Until recently, respiratory tract infection with Cryptosporidium spp. was thought to be a rare complication of intestinal disease in people with HIV or other immunosuppressive conditions.10 Limited case reports and case series documented respiratory tract infection through visualization of oocysts in sputum and bronchiolar lavage samples,11–16 as well as biopsy specimens.11,15,17,18 We recently found that respiratory tract involvement in fact occurs frequently in children with enteric cryptosporidiosis in Uganda, with as many as 35% of children with cough and intestinal infection having parasite DNA in respiratory secretions.19 Contrary to current understanding, most of these children were HIV negative.

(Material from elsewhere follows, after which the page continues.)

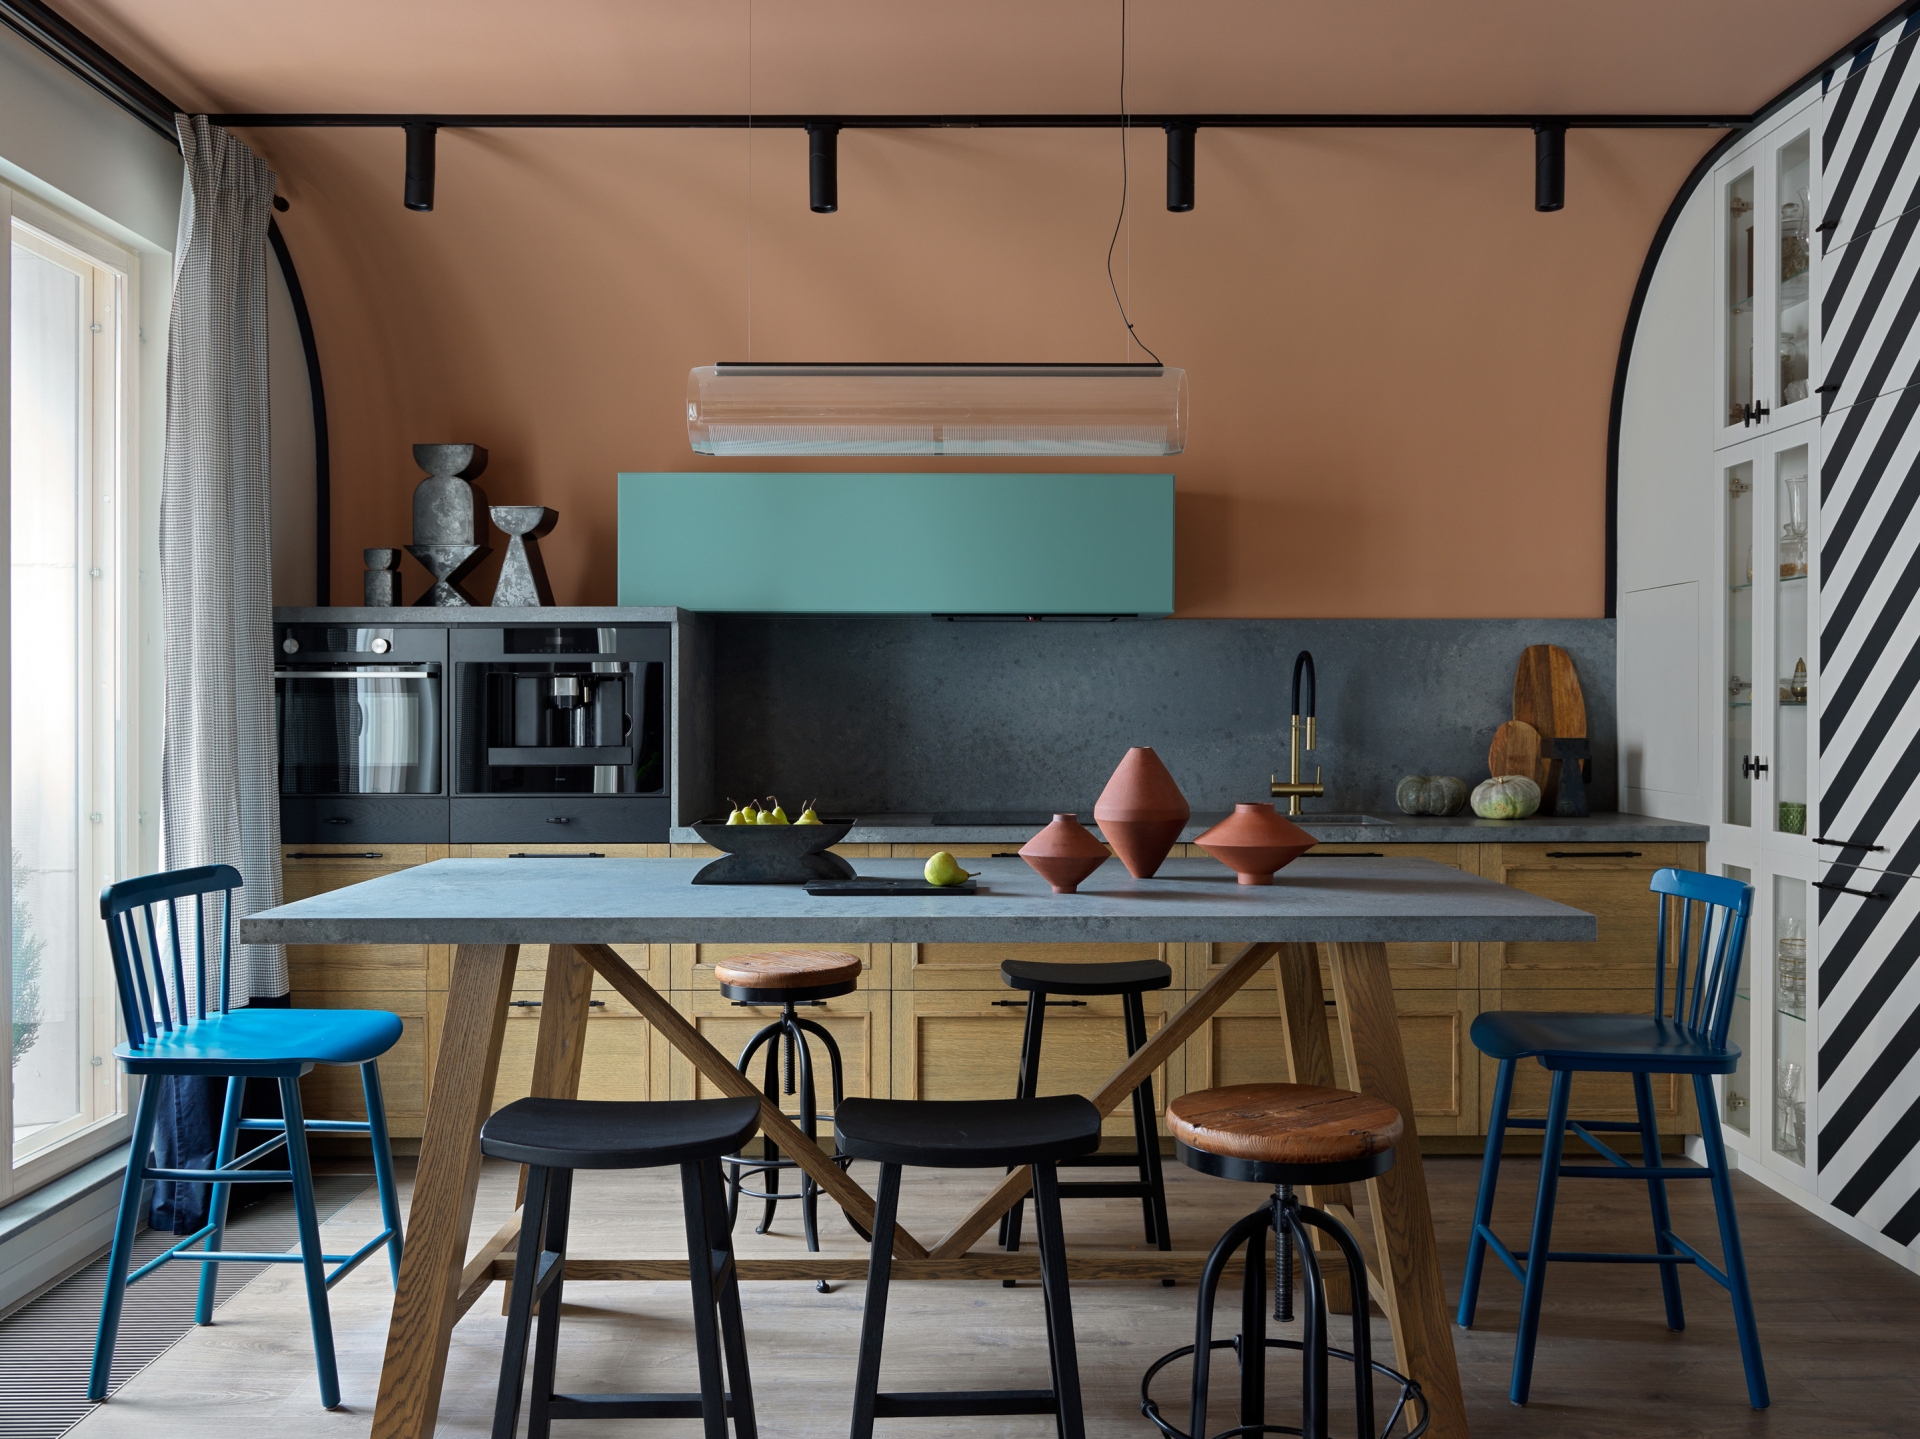 Phòng khách, bếp và khu vực ăn uống được thiết kế mở, kết hợp với bếp chữ I càng thêm tiết kiệm không gian. Căn bếp tiện nghi với thiết bị hiện đại, bố trí gọn gàng, sắc màu như chia thành từng bố cục: Hồng - xanh - xám - màu gỗ tự nhiên.

Adults are less likely to exhibit the symptoms of enteric cryptosporidiosis unless they are immunocompromised. Aside from the abovementioned case reports in people with HIV/AIDS, no studies have systematically investigated how common respiratory tract infection is in adults. In this study, we retested sputum samples obtained for tuberculosis (TB) testing from adults in Uganda. This approach afforded an efficient, low-cost means to investigate how frequently respiratory infection occurs in an adult population enriched with HIV-positive individuals.
MATERIALS AND METHODS
Study population and specimen collection.

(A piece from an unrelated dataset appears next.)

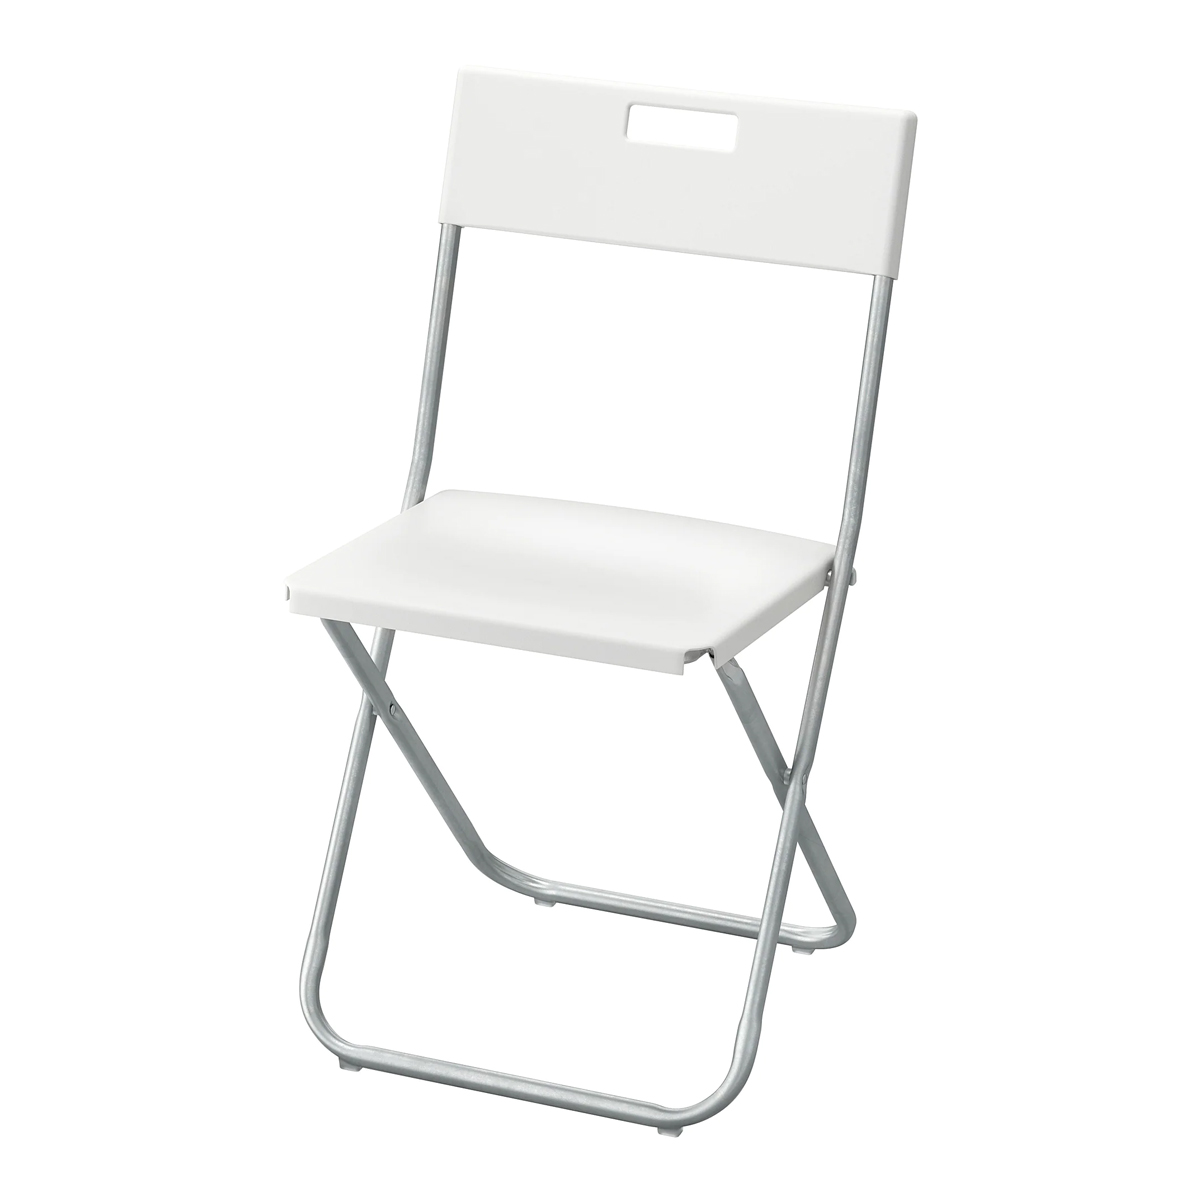 GUNDE stolica na rasklapanje, bijela

De-identified, expectorated sputum specimens that were otherwise-to-be-discarded were obtained from the TB reference laboratory at Mulago Hospital, Kampala, Uganda. Samples received by this laboratory come from in- and out-patients attending the hospital or, more frequently, satellite clinics. Per the algorithm used in the unit, TB testing for known HIV-positive cases is performed using GeneXpert, whereas HIV-negative cases are screened for TB using fluorescent smear microscopy (except where the clinician specifically requests GeneXpert). Satellite centers refer samples mainly for GeneXpert; thus, a substantial proportion of specimens are from known HIV-positive people who are already initiated on antiretroviral treatment and who are presumed to have TB. Only first-time submissions to the TB reference laboratory from adults aged ≥ 18 years were included in this study, so that each specimen represents a unique individual.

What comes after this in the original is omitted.